Ok... so now i really want some belly lovin!!! I never thought i would, but i can't help slapping his belly when we're at it...


----------



## ~da rev~ (Mar 1, 2008)

*Has a belly*


----------



## Goreki (Mar 2, 2008)

oh god yes! :wubu:


----------



## rashapu (Mar 2, 2008)

Just wow.. i am still shocked this place exists. I always thought us fat guys were the exiles of the planet.


----------



## Goreki (Mar 2, 2008)

rashapu said:


> Just wow.. i am still shocked this place exists. I always thought us fat guys were the exiles of the planet.


*laughs* It's a wonderful revelation isn't it? Welcome to the real world


----------



## jdwhitak (Mar 2, 2008)

We are the exiles of the planet.
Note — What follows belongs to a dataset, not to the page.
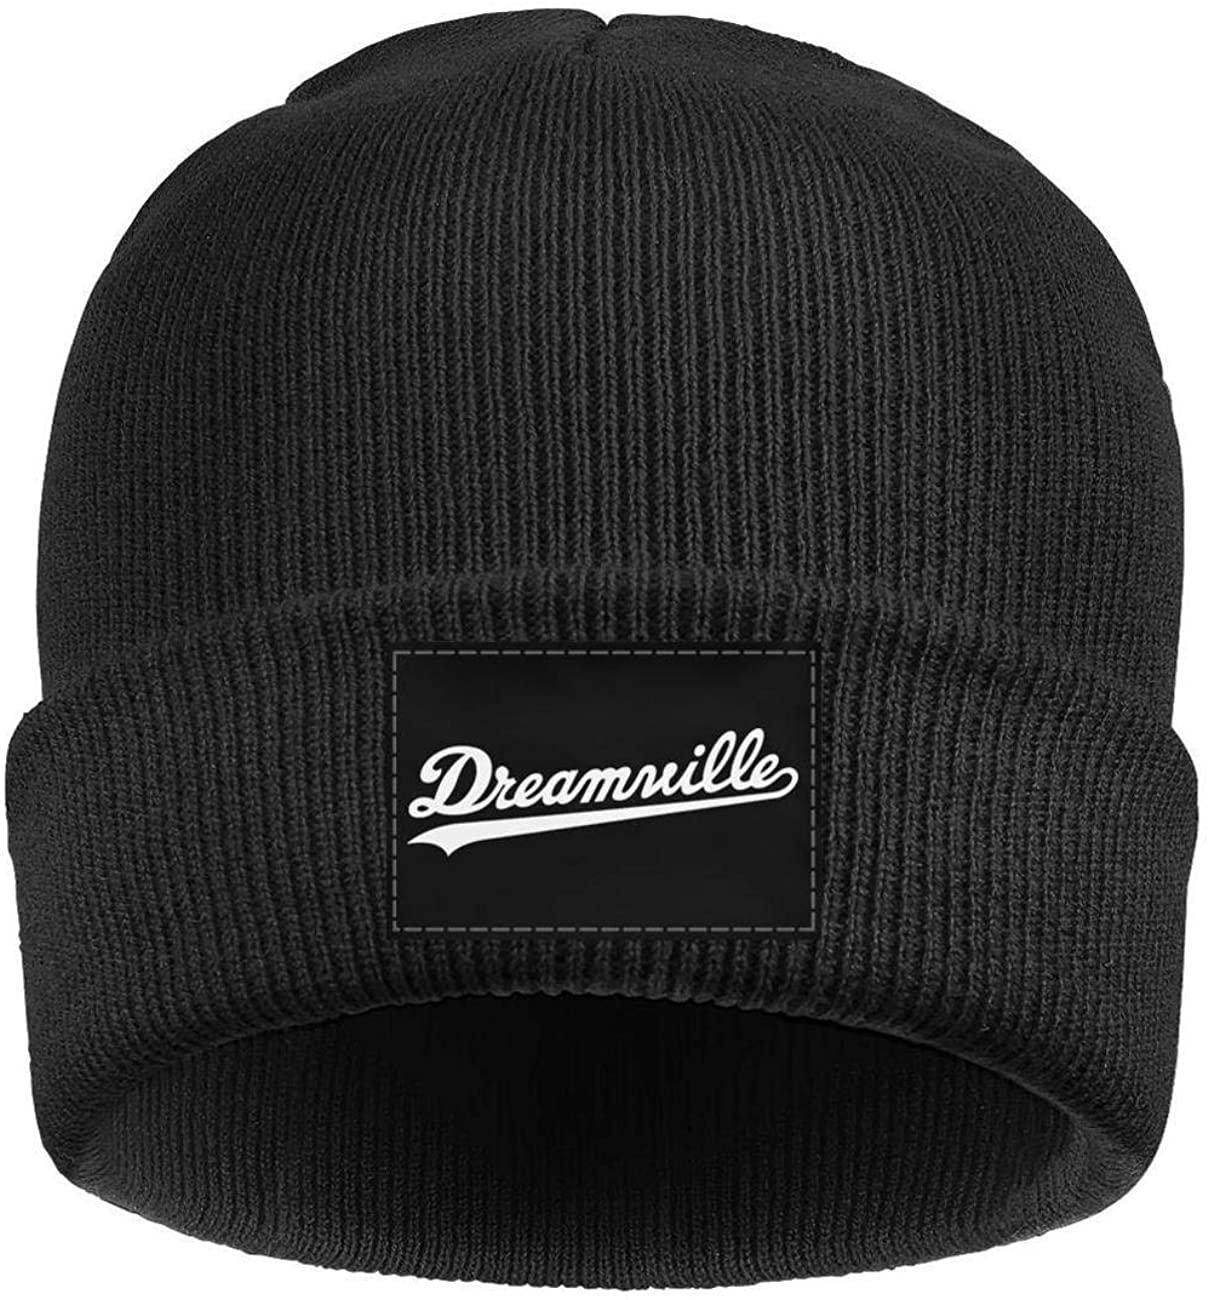 ArNSports Beanies Hats for Women Soft Beanie Knit Cap Hat

This place is something like a alternate universe!


----------



## lady of the dark (Mar 3, 2008)

jdwhitak said:


> We are the exiles of the planet. This place is something like a alternate universe!



Calm down sweety! It's really not thàt bad! I believe there are a lot more of us out there then any of you bhm think. I think there are LOT of closet ffa's (as well as fa's) out there who just don't know these kind of places exist. (for example, try finding places like this using google by typing terms like fat guys or fat men. It's very hard if you don't know terms like ffa or bhm.) Since my boyfriend met me and learned about ffa's he says that he now spots a lòt of women are looking at him. And besides, even women who aren't ffa's still can find that a nice face, a sexy voice or a good attitude are much more important then abs.

:kiss2: Feel better now? :kiss2:


----------



## orinoco (Mar 3, 2008)

yay for belly slapping! now i really want someone lovin on my belly!



Wantabelly said:


> Ok... so now i really want some belly lovin!!! I never thought i would, but i can't help slapping his belly when we're at it...


----------



## orinoco (Mar 3, 2008)

this is so true.

since i learnt about dimensions and the whole bhm/ffa thing back in 2002 i definitely notice women looking, and of course now i don't think there all going "eewwwww" *lol*



lady of the dark said:


> Calm down sweety! It's really not thàt bad! I believe there are a lot more of us out there then any of you bhm think. I think there are LOT of closet ffa's (as well as fa's) out there who just don't know these kind of places exist. (for example, try finding places like this using google by typing terms like fat guys or fat men. It's very hard if you don't know terms like ffa or bhm.) Since my boyfriend met me and learned about ffa's he says that he now spots a lòt of women are looking at him. And besides, even women who aren't ffa's still can find that a nice face, a sexy voice or a good attitude are much more important then abs.
> 
> :kiss2: Feel better now? :kiss2:


----------



## Neen (Mar 3, 2008)

wow! I've never been with or dated a guy with a belly.. i'm going to have to reconsider my choices.. now i want a belly man of my own! *swoons*:wubu:


----------



## Smite (Mar 3, 2008)

You're in for a pleasant surprise.


----------



## Ninja Glutton (Mar 3, 2008)

It's awesome when girls just grind on your belly too. That seems to happen to me at bars quite frequently.


----------



## SomeFatGuy (Mar 3, 2008)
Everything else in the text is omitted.